### [What the task asks]
Count lines, not occurrences: report how many lines in the records hold the string "Wallpaper", and nothing else.

### [Records to process]
[Start of Attachment]
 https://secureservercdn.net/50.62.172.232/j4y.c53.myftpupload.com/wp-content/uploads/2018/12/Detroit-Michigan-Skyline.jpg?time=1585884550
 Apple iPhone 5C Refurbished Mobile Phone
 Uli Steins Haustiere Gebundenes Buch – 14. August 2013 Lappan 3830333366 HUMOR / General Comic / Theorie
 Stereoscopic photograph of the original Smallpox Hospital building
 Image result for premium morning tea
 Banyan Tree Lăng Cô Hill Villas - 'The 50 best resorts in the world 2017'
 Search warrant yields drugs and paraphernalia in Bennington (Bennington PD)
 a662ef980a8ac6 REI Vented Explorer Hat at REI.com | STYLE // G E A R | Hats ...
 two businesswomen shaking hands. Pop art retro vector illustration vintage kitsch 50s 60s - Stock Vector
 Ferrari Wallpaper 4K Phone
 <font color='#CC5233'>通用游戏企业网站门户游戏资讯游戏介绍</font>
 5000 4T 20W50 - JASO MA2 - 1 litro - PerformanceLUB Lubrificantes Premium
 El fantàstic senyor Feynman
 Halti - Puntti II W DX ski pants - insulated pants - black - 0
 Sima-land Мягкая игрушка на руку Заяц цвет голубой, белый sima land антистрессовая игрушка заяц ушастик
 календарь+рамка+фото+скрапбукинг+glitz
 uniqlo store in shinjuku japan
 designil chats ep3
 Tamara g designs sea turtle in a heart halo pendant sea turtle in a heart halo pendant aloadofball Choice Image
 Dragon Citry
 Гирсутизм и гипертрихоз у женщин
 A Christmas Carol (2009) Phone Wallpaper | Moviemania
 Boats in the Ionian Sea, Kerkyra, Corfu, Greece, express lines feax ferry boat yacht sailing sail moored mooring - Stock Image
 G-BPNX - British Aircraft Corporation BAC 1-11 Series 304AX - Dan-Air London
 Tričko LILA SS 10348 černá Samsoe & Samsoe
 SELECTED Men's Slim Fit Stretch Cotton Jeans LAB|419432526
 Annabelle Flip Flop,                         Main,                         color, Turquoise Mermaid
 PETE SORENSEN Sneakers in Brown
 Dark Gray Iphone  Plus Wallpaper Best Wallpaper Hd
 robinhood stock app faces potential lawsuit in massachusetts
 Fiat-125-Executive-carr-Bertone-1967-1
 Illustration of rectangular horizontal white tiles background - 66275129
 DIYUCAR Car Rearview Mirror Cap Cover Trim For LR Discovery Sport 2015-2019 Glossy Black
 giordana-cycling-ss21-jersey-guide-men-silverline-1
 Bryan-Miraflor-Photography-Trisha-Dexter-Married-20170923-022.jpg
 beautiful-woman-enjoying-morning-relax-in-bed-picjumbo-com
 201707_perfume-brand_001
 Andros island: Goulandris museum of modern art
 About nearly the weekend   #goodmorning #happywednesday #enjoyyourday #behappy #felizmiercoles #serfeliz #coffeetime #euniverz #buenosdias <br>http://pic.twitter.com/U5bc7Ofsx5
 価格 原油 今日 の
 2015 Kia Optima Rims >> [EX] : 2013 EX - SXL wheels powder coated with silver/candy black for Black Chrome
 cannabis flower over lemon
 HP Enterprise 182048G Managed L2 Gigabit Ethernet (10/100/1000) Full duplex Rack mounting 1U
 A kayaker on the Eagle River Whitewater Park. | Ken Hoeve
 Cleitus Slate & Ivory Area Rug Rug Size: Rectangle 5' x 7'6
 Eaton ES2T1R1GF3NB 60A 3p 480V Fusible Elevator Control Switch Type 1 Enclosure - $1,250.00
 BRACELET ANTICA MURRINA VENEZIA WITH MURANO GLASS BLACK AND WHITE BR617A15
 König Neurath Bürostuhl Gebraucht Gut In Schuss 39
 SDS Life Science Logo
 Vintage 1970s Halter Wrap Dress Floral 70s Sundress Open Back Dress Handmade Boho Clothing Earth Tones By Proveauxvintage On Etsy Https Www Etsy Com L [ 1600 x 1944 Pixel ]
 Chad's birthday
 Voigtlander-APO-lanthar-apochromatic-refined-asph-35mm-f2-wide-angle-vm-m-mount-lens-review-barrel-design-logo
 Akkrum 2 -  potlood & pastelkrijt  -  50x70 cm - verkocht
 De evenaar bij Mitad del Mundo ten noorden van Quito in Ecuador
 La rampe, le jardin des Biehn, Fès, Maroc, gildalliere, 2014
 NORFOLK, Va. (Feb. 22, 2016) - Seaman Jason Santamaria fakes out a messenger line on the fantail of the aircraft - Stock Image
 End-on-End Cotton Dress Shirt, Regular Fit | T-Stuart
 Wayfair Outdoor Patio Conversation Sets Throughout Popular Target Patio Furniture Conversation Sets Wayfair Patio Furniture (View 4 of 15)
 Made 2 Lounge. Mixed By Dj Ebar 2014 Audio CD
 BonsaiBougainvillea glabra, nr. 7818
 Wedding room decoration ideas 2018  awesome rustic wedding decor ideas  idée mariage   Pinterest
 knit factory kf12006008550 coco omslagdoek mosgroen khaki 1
[End of Attachment]
### [Exercise response]
3